Healthy

How to Prepare Favorite Low Calorie Low Fat Healthy Cheesecake

  • By Margaret Malone
  • 27 Feb, 2020
How to Prepare Favorite Low Calorie Low Fat Healthy Cheesecake
How to Prepare Favorite Low Calorie Low Fat Healthy Cheesecake

Hello everybody, welcome to our recipe page. Today I will show you how to make a distinctive dish, Low Calorie Low Fat Healthy Cheesecake. It is one of my favourite food recipe, this time i will make it a little bit tasty. This will be really delicious.

Low Calorie Low Fat Healthy Cheesecake Recipe. This recipe is not the real thing! To even be able to have cheesecake is a rare treat!

You can have Low Calorie Low Fat Healthy Cheesecake using 9 ingredients and 9 steps. Here is how you achieve it.

Ingredients of Low Calorie Low Fat Healthy Cheesecake

  1. You need of Base.
  2. Make ready 1 cup of all-bran original.
  3. Make ready 2 tbsp of applesauce.
  4. Make ready of Cheese.
  5. Make ready 250 grams of low fat cream cheese.
  6. Take 1/4 cup of low-fat yoghurt.
  7. It’s 1/4 cup of sugar.
  8. Make ready 1/2 tsp of vanilla extract.
  9. Take 1 of egg.

We recommend taking into account the full nutrition information of a dish when ordering from the menu.Recommended Video Cheesecake is one of those flavors that I have always really liked.This recipe is a bit healthier than the others so I feel like I can make it more often, not a bad thing!This low calorie, high protein biscoff biscuit and salted caramel cheesecake is sure to hit the spot The perfect tasty treat when you fancy a hit of sweet caramel without the calories, this biscoff and caramel cheesecake is thick, tasty and a little bit of heaven.

Low Calorie Low Fat Healthy Cheesecake instructions

  1. Preheat oven to 350°F..
  2. Crush the chosen cereal/cracker/digestives to amount to about 1/2 cup in crushed form.
  3. Mix applesauce into the crushed bits..
  4. Add all the other ingredients together and mix well. Note: You can use flavoured yoghurt!.
  5. Line a baking tray with baking paper..
  6. Spread the base of the cake (crushed bits) onto the bottom of the tray evenly..
  7. Pour the cheese mixture onto the base..
  8. Bake in the preheated oven at 350°F for 25 minutes..
  9. Leave to cool for at least 45 minutes or until room temperature before refridgerating. Only serve after properly refridgerated!.

Pulse the graham crackers in a food processor until crumbled.While the number of calories in a dish can certainly serve as a guide when choosing a healthy meal, it doesn't tell you the full story.A low calorie salad may be sky-high in sodium or loaded with unnecessary sugar.

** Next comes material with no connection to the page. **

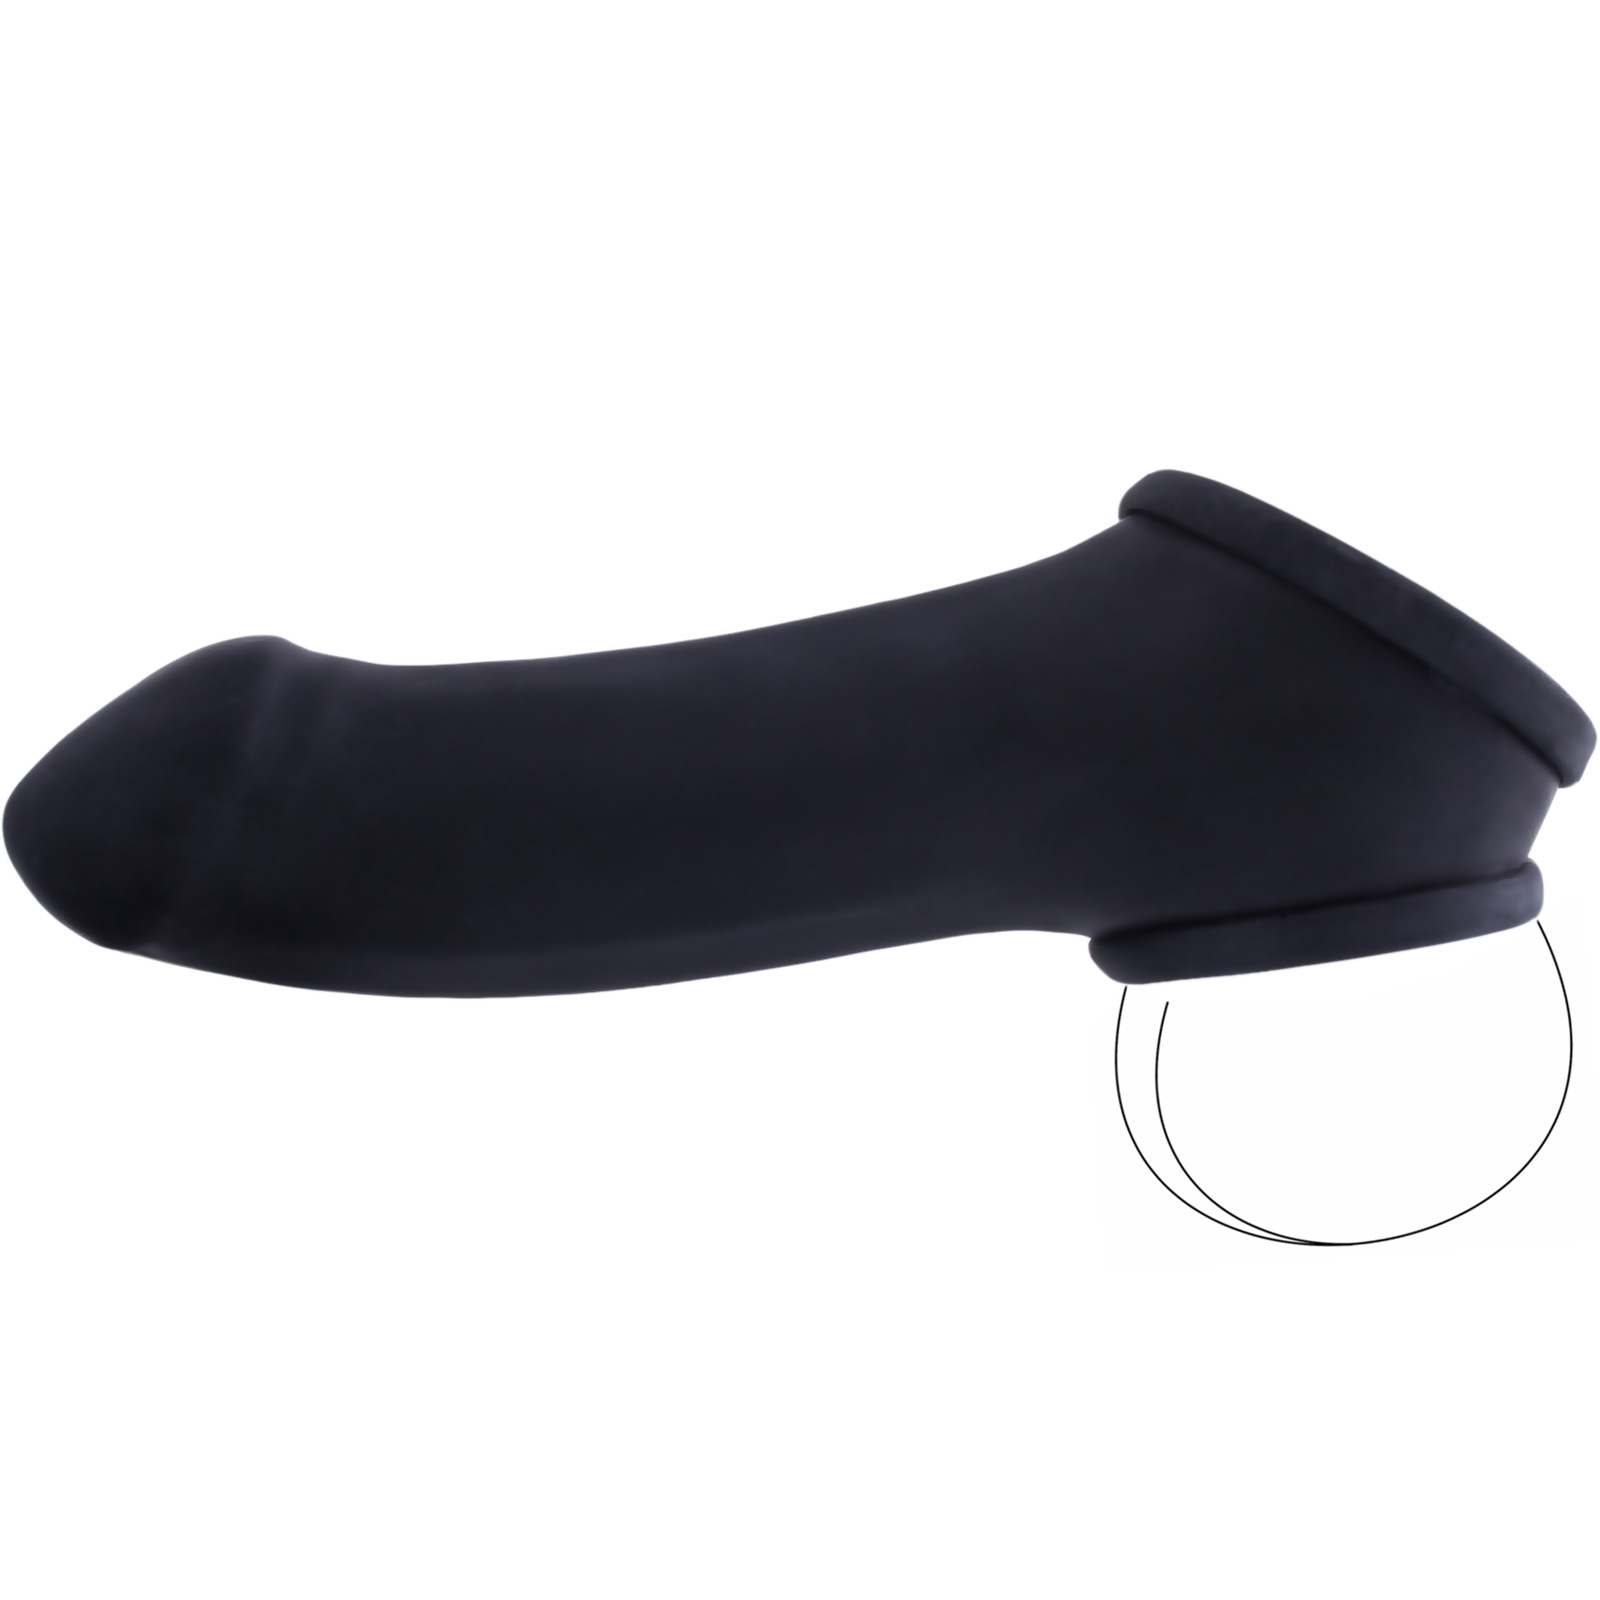 Toylie Latex Penis Sleeve «ERIK» black, with molded glans and testicle ring - suitable for vegans

Made with fat free quark and caramel protein powder instead of full fat cheese and high sugar caramel, you can tuck in knowing it's.The protein-packed Greek yogurt makes these cheesecake bars unbelievably creamy.I used nonfat plain Chobani Greek yogurt, but you can use low fat and/or a flavored kind like vanilla or even raspberry, honey, strawberry, etc.Filling: I used low fat cream cheese + low fat ricotta to keep that creamy texture while reducing the overall fat and calories in this recipe; Sugar: I used granulated sugar, but you can use coconut sugar as well for this recipe.With sharp knife, loosen cheesecake from sides of pan.